Scaling up learning across many different robot types
In a research article published in Nature Robotics, researchers from the University of California Berkeley and Stanford University presented a self-improving robotic agent named RoboCat. They described how their artificial intelligence algorithm, which they call “AIM-Learning,” learns to perform tasks based on visual inputs while also acquiring vision-language communication skills.
The researchers began by developing a neural network architecture using deep learning techniques that can learn to translate between vision and language. The team trained the network using images of natural scenes, as well as text descriptions generated by a pretrained model, to achieve realistic visual-to-speech translation capabilities.
To test their AIM-Learning algorithm, researchers used RT-2, a robot designed by the same team, to perform a range of tasks, including navigating through an empty room with textured and varied walls, identifying and capturing objects in the environment, performing simple gestures, and understanding visual commands.

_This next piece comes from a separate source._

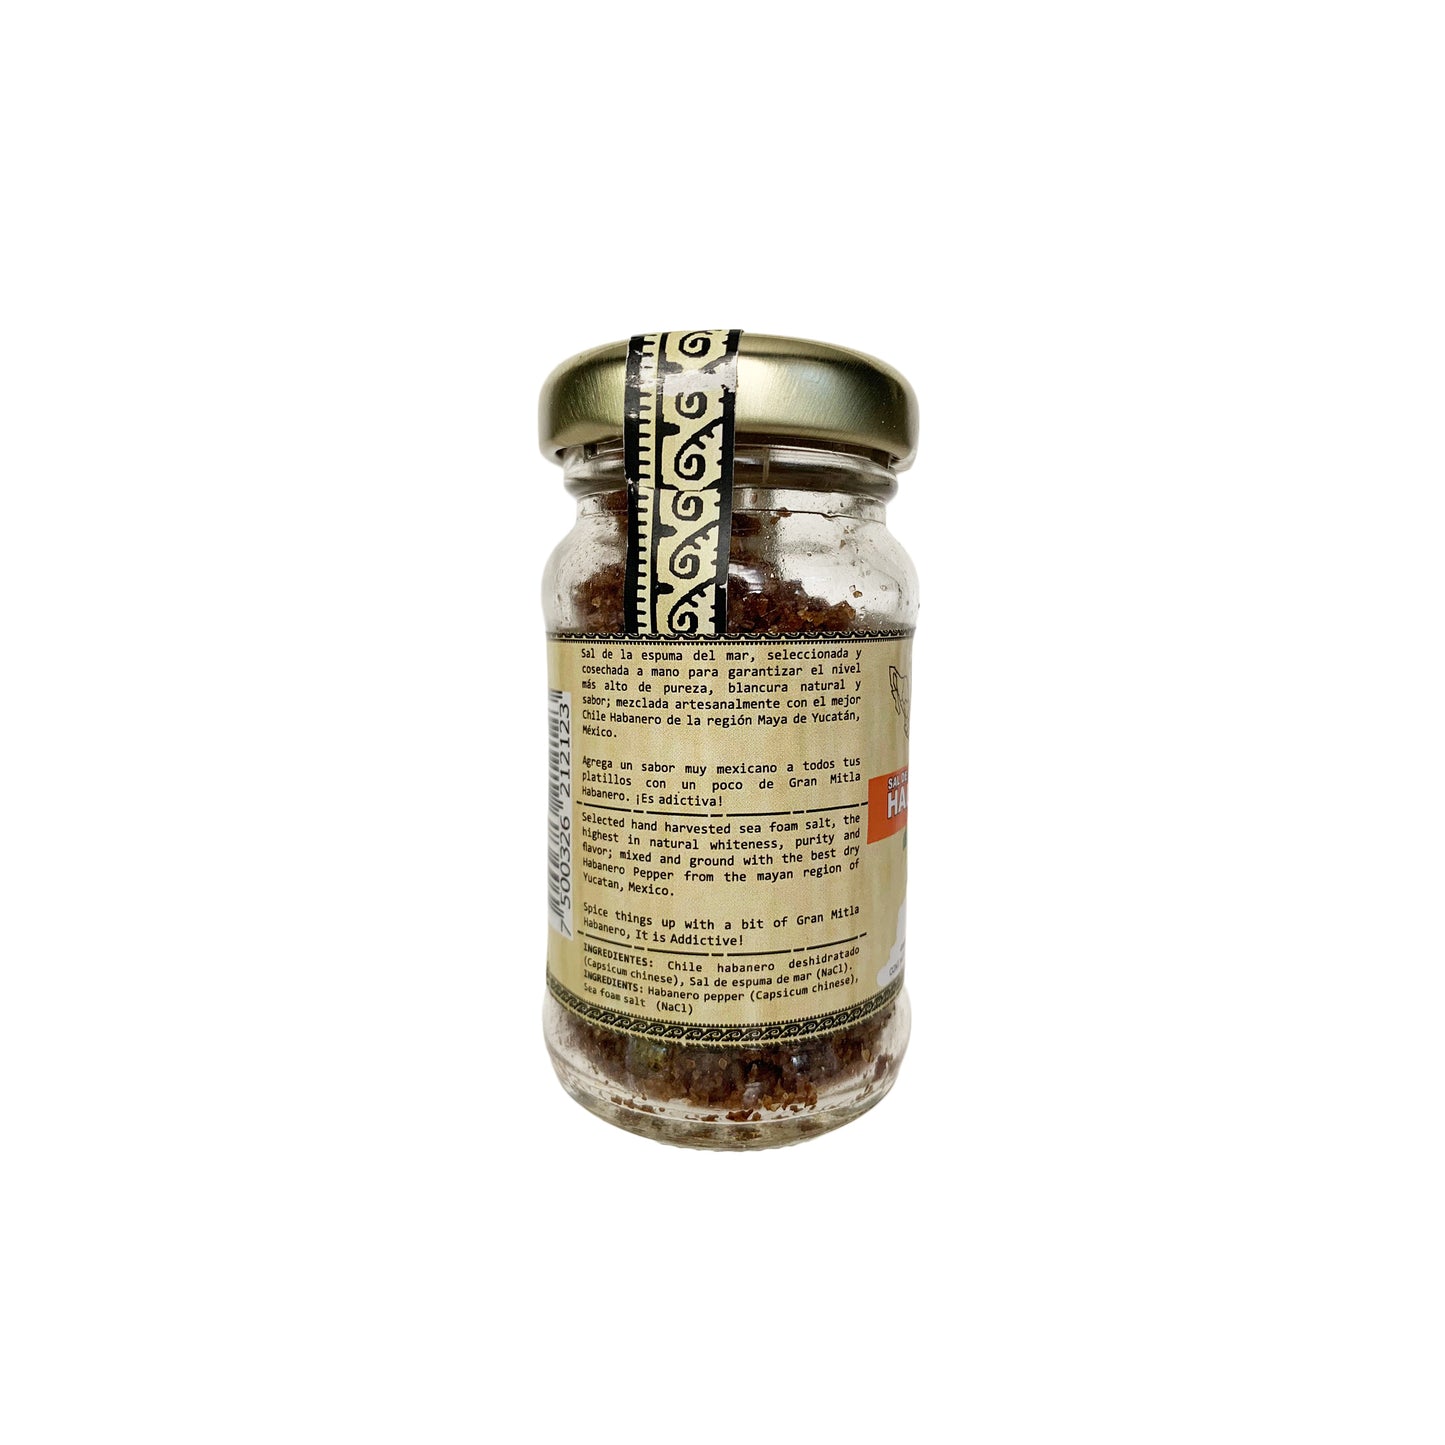 Gran Mitla Habanero Salt from Oaxaca, Mexico (50g)

The team also compared the results of AIM-Learning against other algorithms on a test task involving identifying and moving a virtual robot around an environment. The researchers found that RT-2 achieved state-of-the-art performance for this task, outperforming human performance by over 50%.
Overall, the researchers’ AIM-Learning algorithm is promising for the development of self-improving robots capable of performing a wide range of tasks. The team plans to continue working on improving the algorithm and expanding its capabilities through further testing and refinement.